§ **Task goal**: Only the lines from the one holding "Herock Arbeitsjacke Typhon" to the end of the data should be echoed, exactly as they appear, minus the pictures.

§ **Given material**:
::::::::::

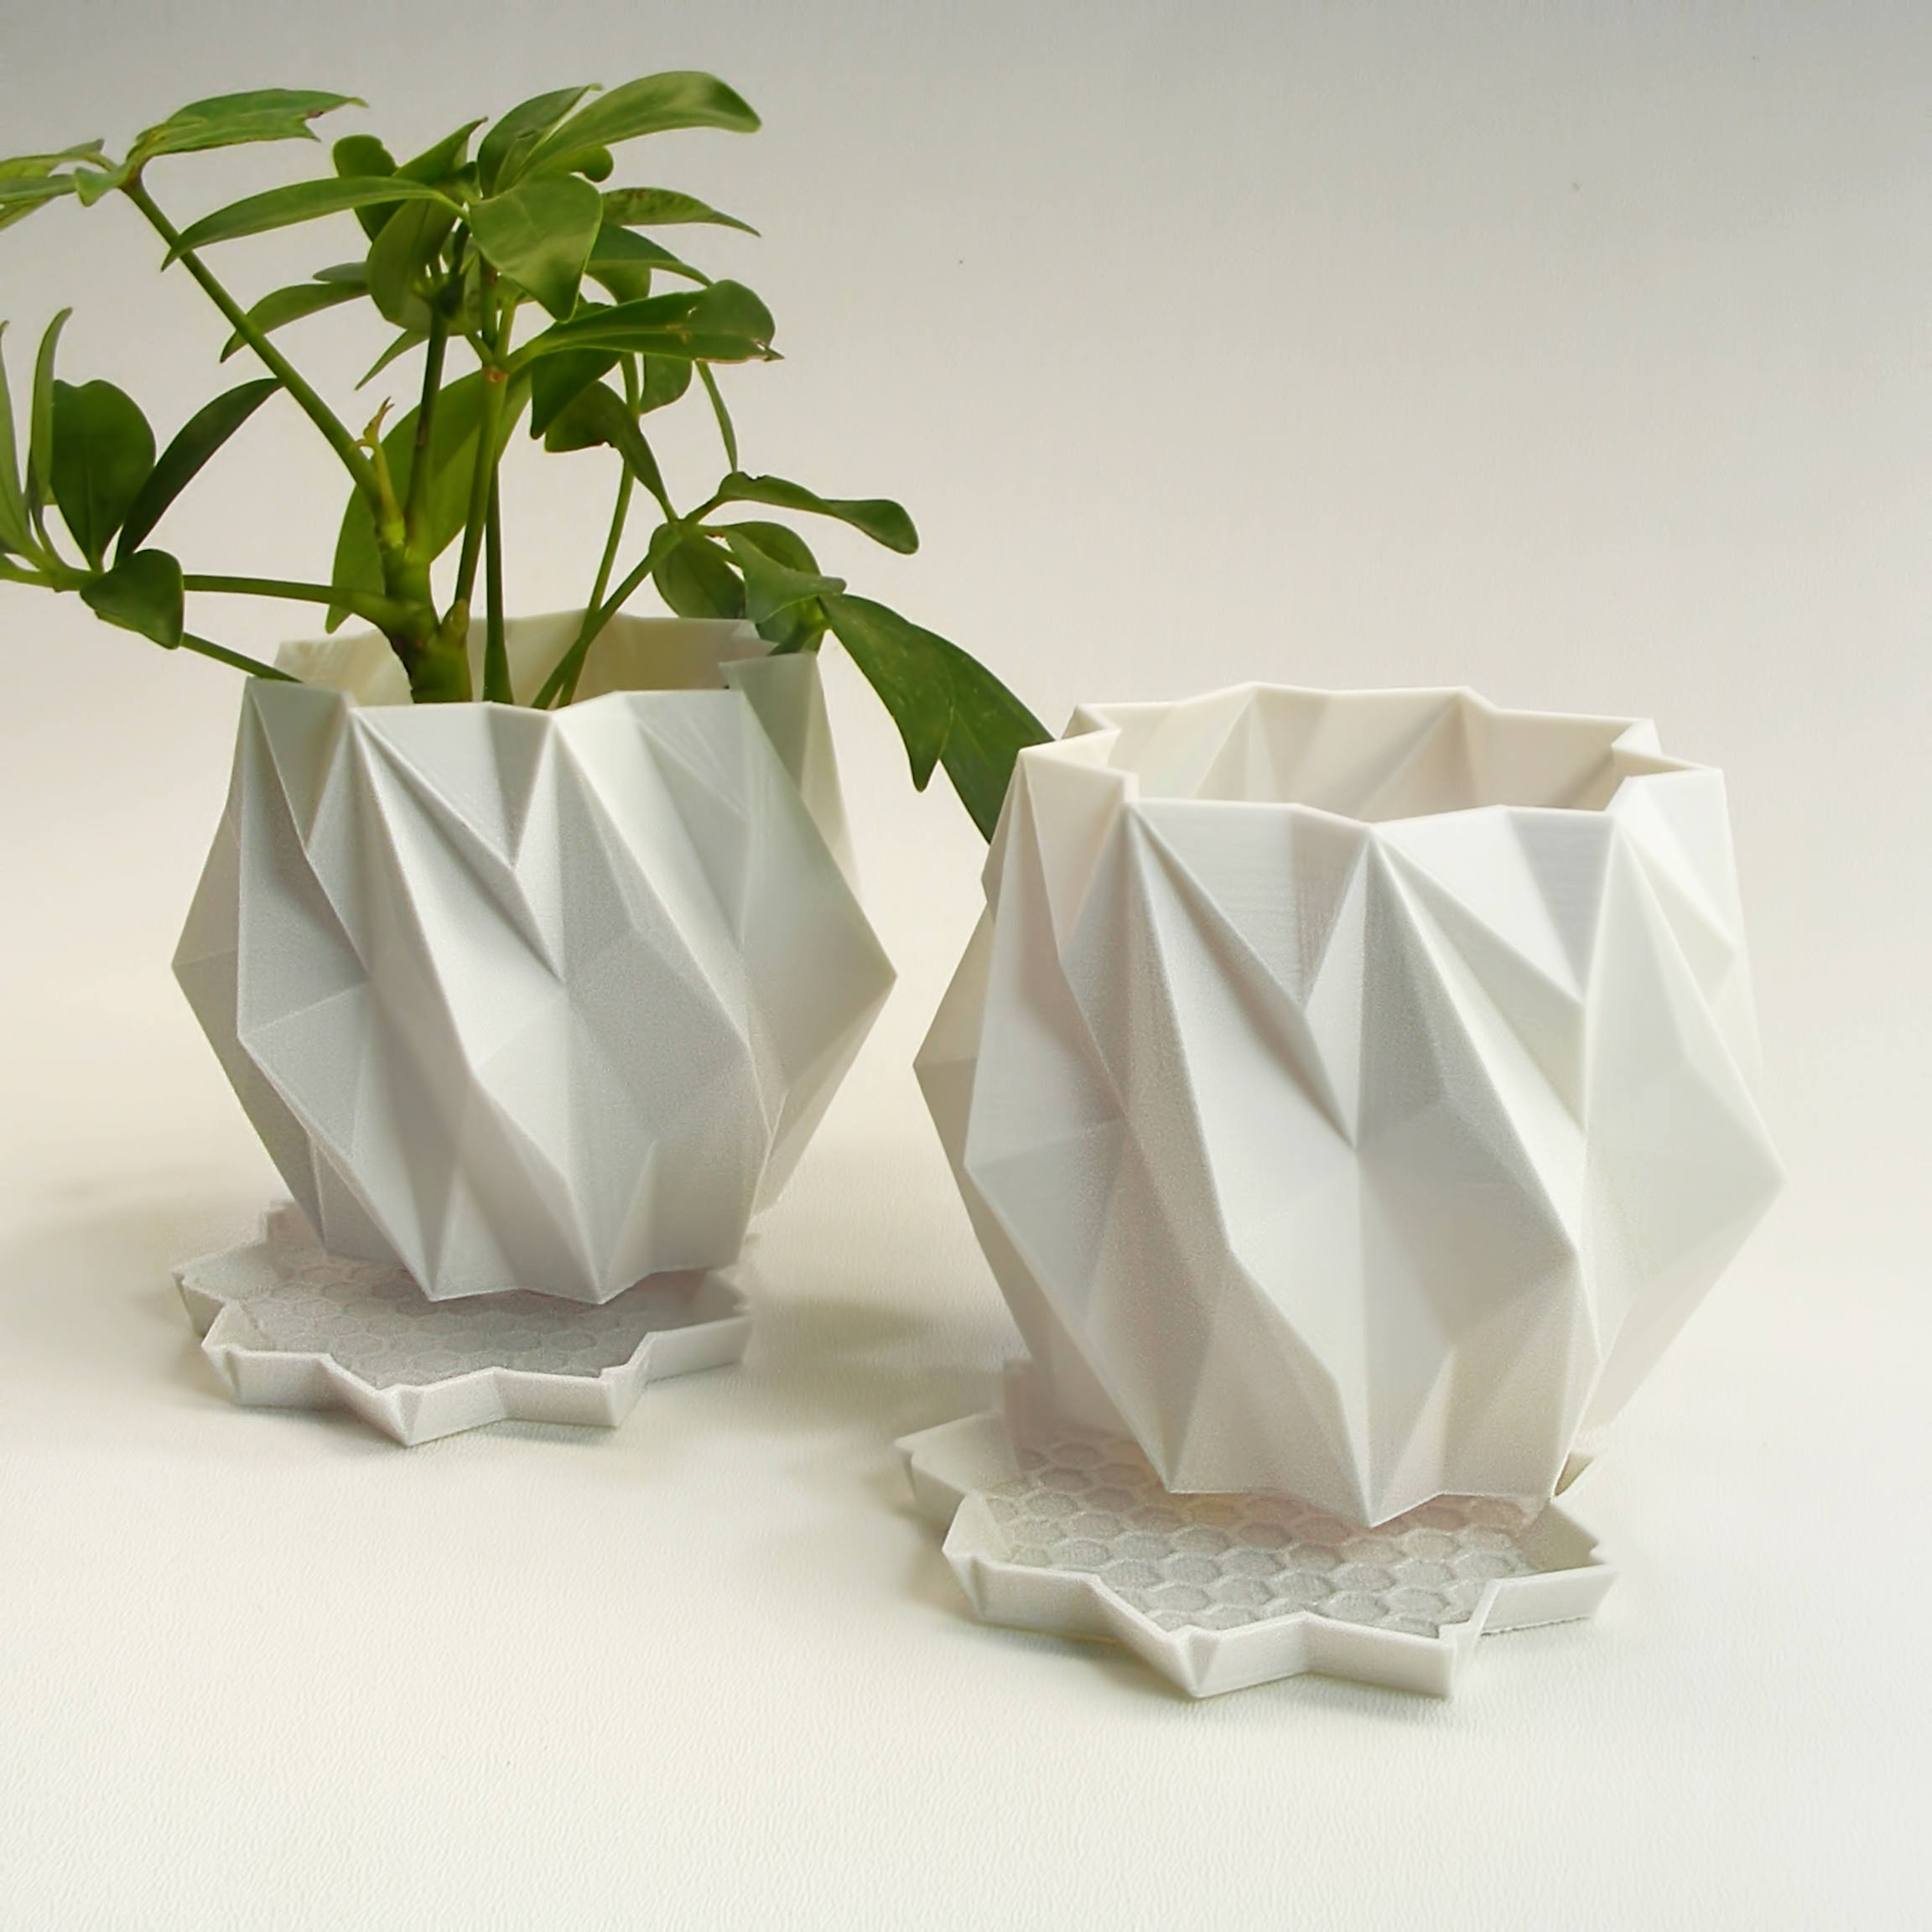 3D Origami Flower Pot 35 Inch Modern Planter Set With Trays 3d Abstract Art Flower Pot Set Of 2 3d Art Pots Flower Art Abstract Flower Pot
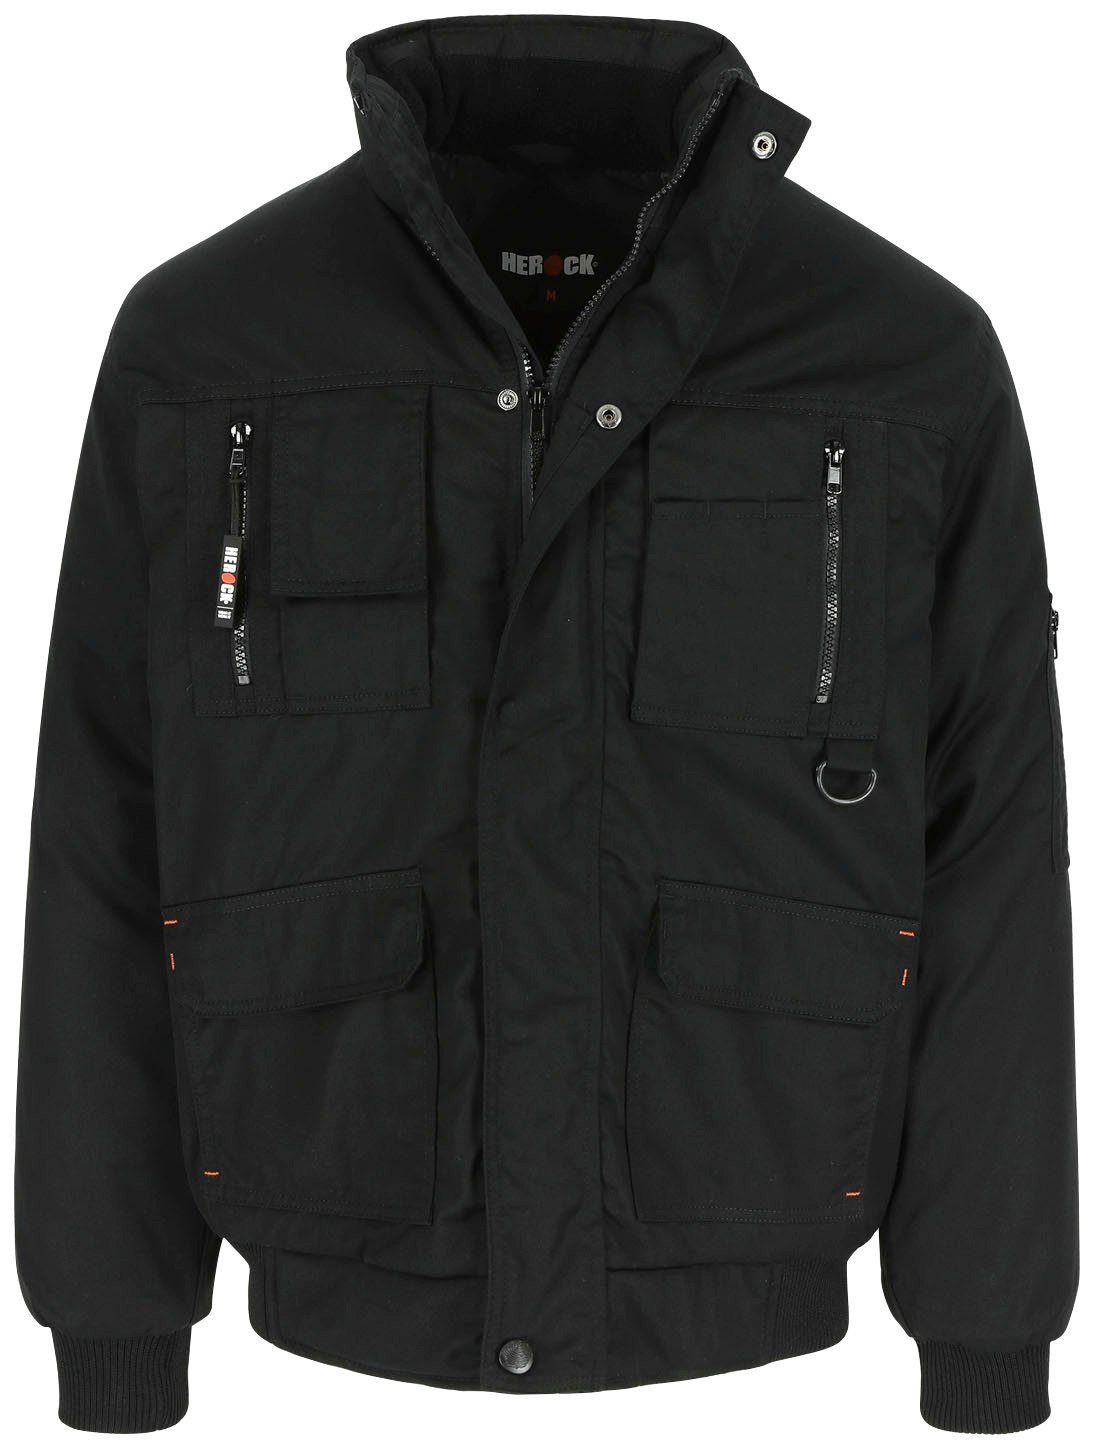 Herock Arbeitsjacke Typhon Jacke Wasserabweisend mit Fleece-Kragen, robust, viele Taschen, viele Farben schwarz | Arbeitsjacken
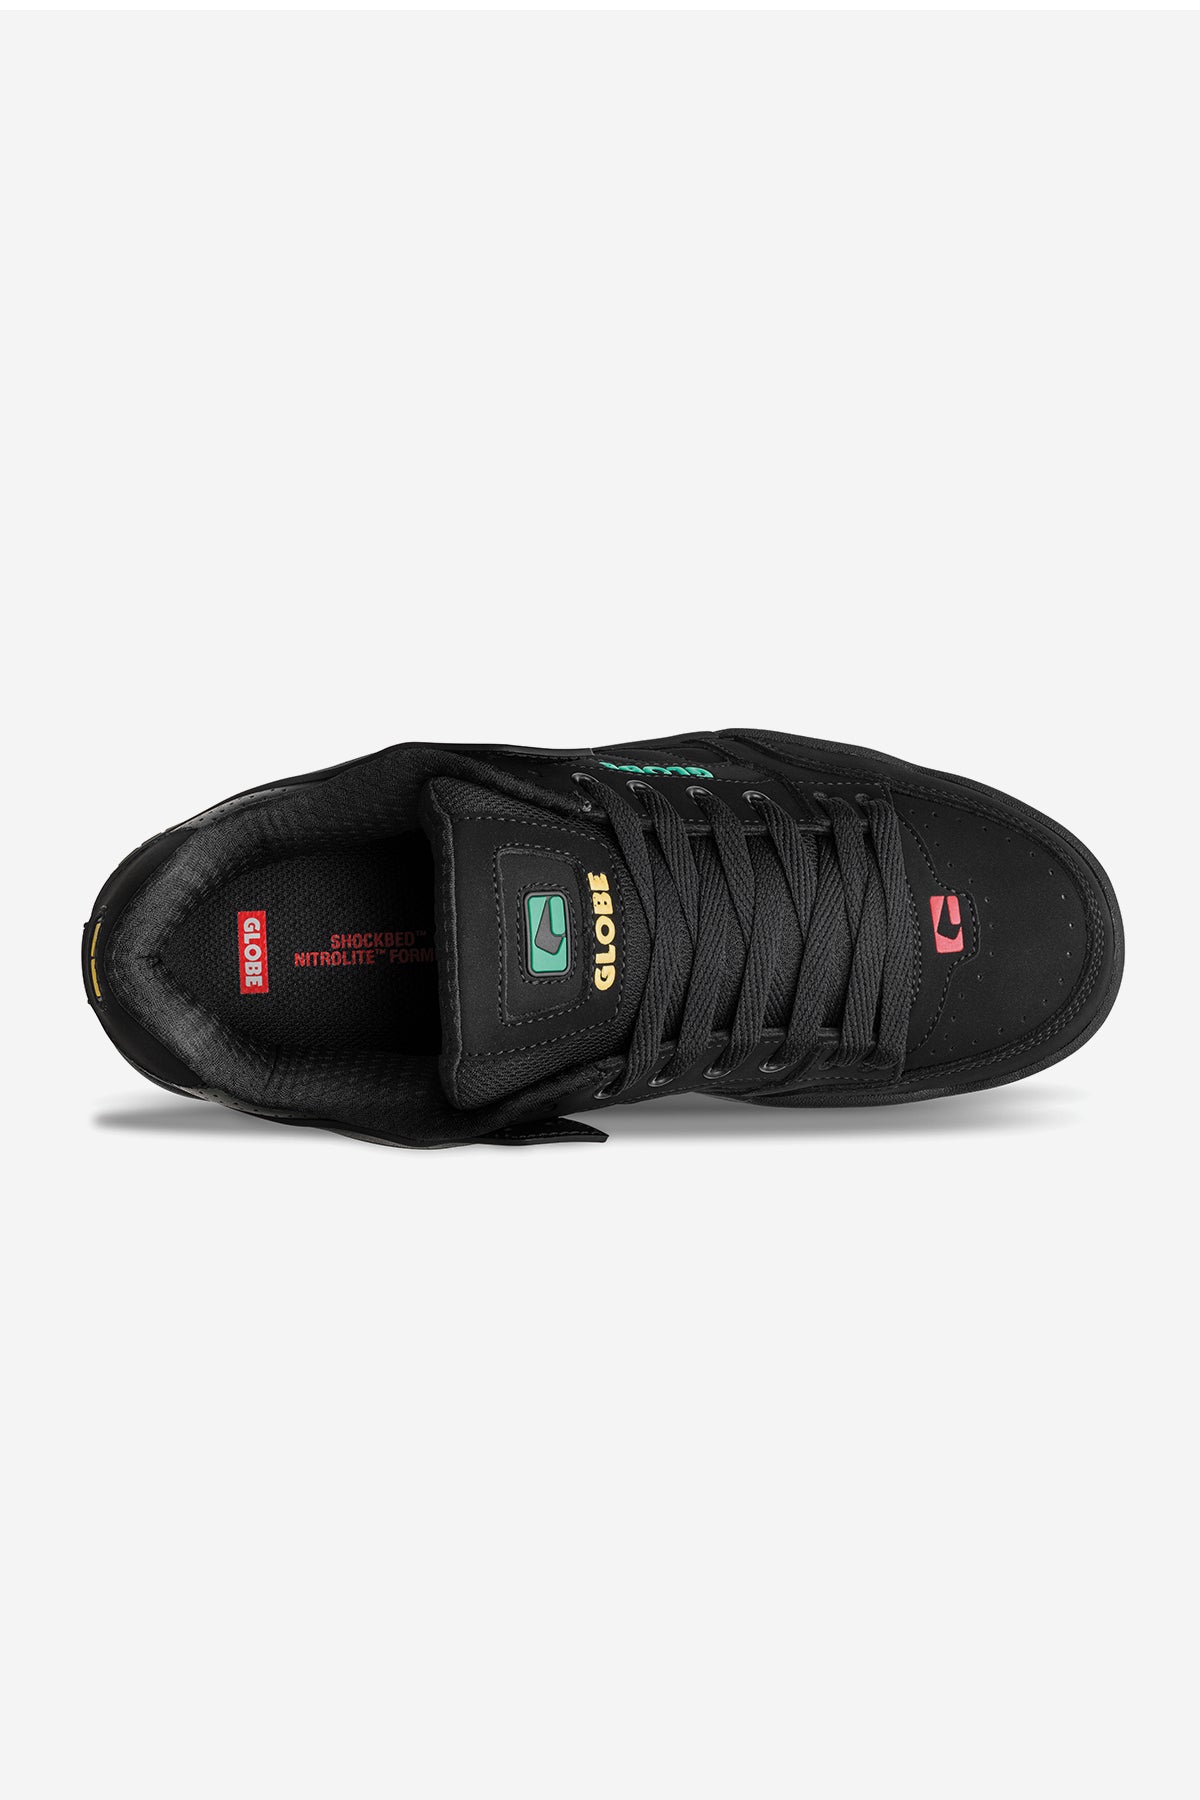 Globe Shoes - Tilt in colour Black Rasta top

::::::::::

§ **Answer box**:
 Herock Arbeitsjacke Typhon Jacke Wasserabweisend mit Fleece-Kragen, robust, viele Taschen, viele Farben schwarz | Arbeitsjacken
 Globe Shoes - Tilt in colour Black Rasta top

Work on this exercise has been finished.